Christine Doyle I came across a computer game developed at a research institution that was shown to teenagers who had to assess risk in all sorts of different situations by imagining that aliens from a very pure world were coming to land on earth. The aliens would question them about how they could be safe on earth and what things they needed to avoid, or what they had to do to be in the healthiest or almost risk-free situations. I think it would be quite a useful thing to introduce to schools.
John Adams I think a very important and necessary tension should exist between the likes of Ed Mayo and the likes of big bad industry. If the government decided to listen to only one of them, if it listened to the extreme version, then virtually all scientific progress would come to a halt. If big business were allowed to rampage around completely unconstrained, that would not be a very attractive world, either. We need these perspectives. We have to be resigned to the fact that they are never going to agree completely.
I think the Food Standards Agency is having a good go at it at the moment. One committee that did fall apart was on managing radioactive waste. It tried to bring all these different perspectives to the table but the committee members all wrestled with it inconclusively.
Colin Tudge I just really hate the Food Standards Agency. This is to do with risk. They did abandon Sudan1. But so what? This same agency is in place and presides over an agricultural structure that produced foot-and-mouth disease and BSE. This is entirely to do with policy and strategy. It worries about minute details while the whole structure seems designed to spread disease.

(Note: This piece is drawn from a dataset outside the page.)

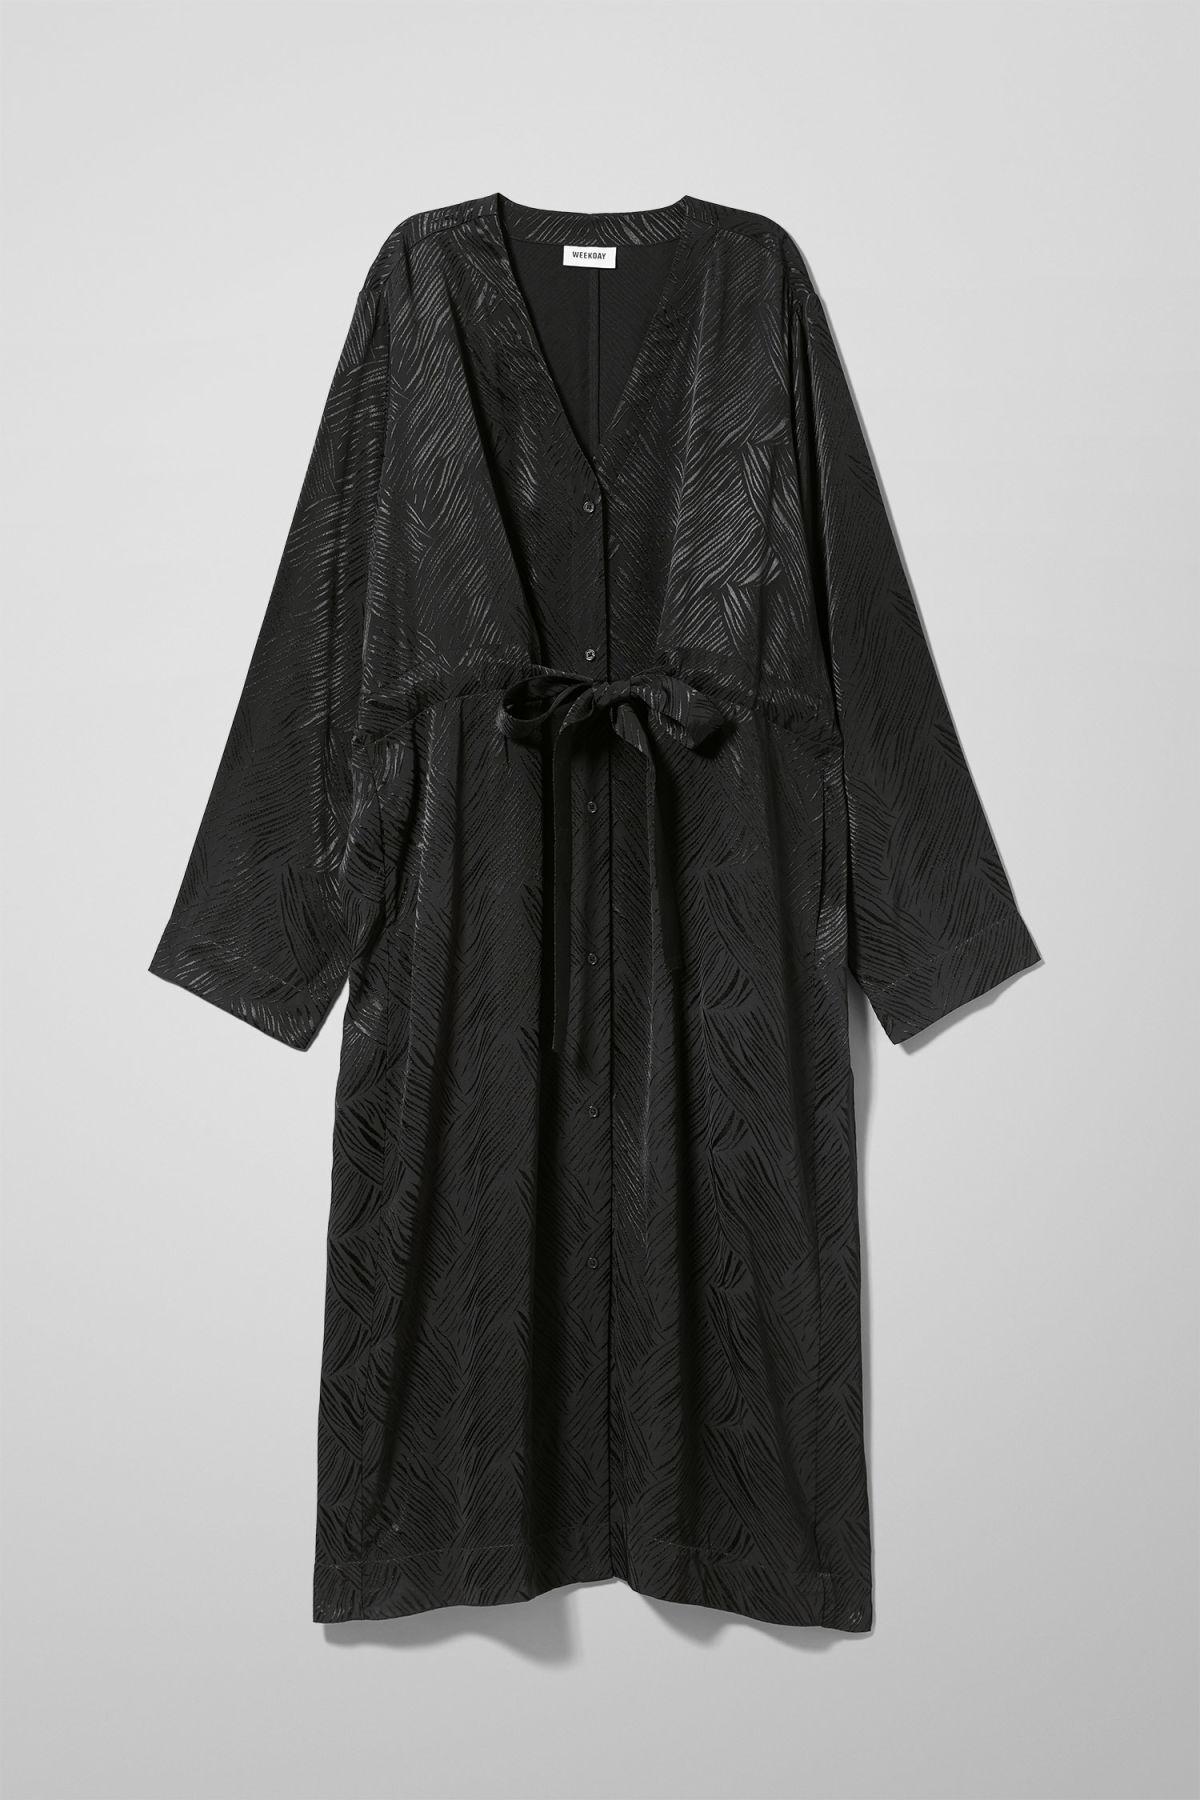 Image of Chalk Long Sleeve Dress - Black-M

Niall Dickson One could challenge some of those statements. For one thing, holding the Food Standards Agency responsible for the entire Common Agricultural Policy seems a little over the top. I think we had better stop on that bombshell. I want to thank you all for your contributions. Thank you to the New Statesman and Pfizer for bringing us together.
Spencer Neal I would also like to thank you on behalf of the New Statesman. This is the second event in a series of six. In the first, in April, we looked at a 2020 vision for the NHS, and forthcoming events will continue to address the most pertinent issues in healthcare today. Thank you.